Cucchi, in un film la tragedia del carcere

Lunedì 23 luglio su La7, Enrico Mentana, nell’ambito del suo programma film evento, ha proposto la visione del film documentario, realizzato dal regista Maurizio Cartolano ed intitolato 148 Stefano mostri dell’inerzia. Questo film documentario ha ricevuto ampi riconoscimenti per il suo alto valore morale e al regista Maurizio Cartolano è stato attribuito ed assegnato il Nastro d’argento dalla giuria composta dai giornalisti, che si occupano di critica cinematografica. Prima che fosse trasmesso il film documentario, Enrico Mentana con il rigore professionale e l’umanità del grande giornalista, indipendente e libero da condizionamenti di sorta, ha posto una serie di domande alla sorella di Stefano Cucchi, Ilaria, la quale, rispondendo con grande sincerità e senza infingimenti, ha ricordato i momenti difficili vissuti dal fratello, prima che fosse arrestato il 16 ottobre del 2009.

Come è emerso sia dai ricordi di sua sorella Ilaria sia dai racconti di suo padre, su cui il film documentario è basato, Stefano Cucchi ha avuto una giovinezza devastata e rovinata dalla tossicodipendenza. Era un giovane legato al quartiere, quello di Tor Pignattara, in cui era nato e dove si era formato umanamente a Roma. Di carattere e temperamento introverso, come scrisse in una lettera alla sorella Ilaria, fin dal periodo della adolescenza spesso avvertiva una sensazione di smarrimento di fronte alla vita sociale ed alle sue regole.
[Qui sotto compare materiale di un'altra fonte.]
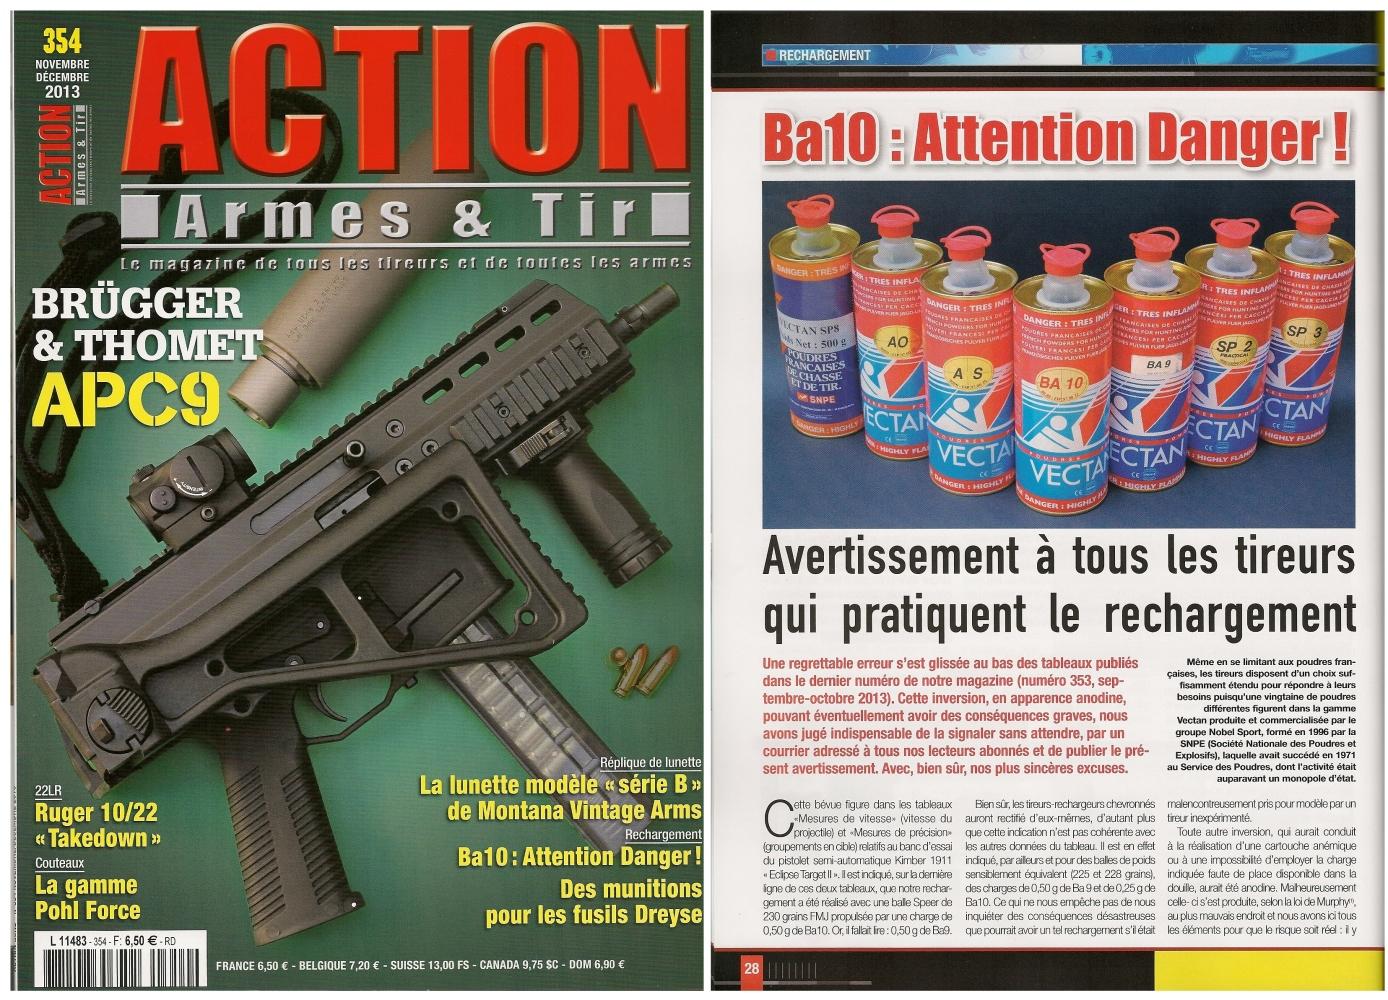 L'article « Ba10 : Attention Danger ! » a été publié sur 3 pages dans le magazine Action Armes & Tir n°354 (novembre-décembre 2013)

In ogni caso il film, attraverso le testimonianze dei familiari e di quanti lo hanno conosciuto durante la sua breve e sfortunata esistenza, ha il merito di restituire allo spettatore con la forza del racconto il profilo umano e psicologico di Stefano Cucchi, divenuto, inseguito alla sua morte avvenuta in circostanze fino ad ora mai chiarite, il simbolo e l’icona del cattivo funzionamento del sistema penitenziario italiano.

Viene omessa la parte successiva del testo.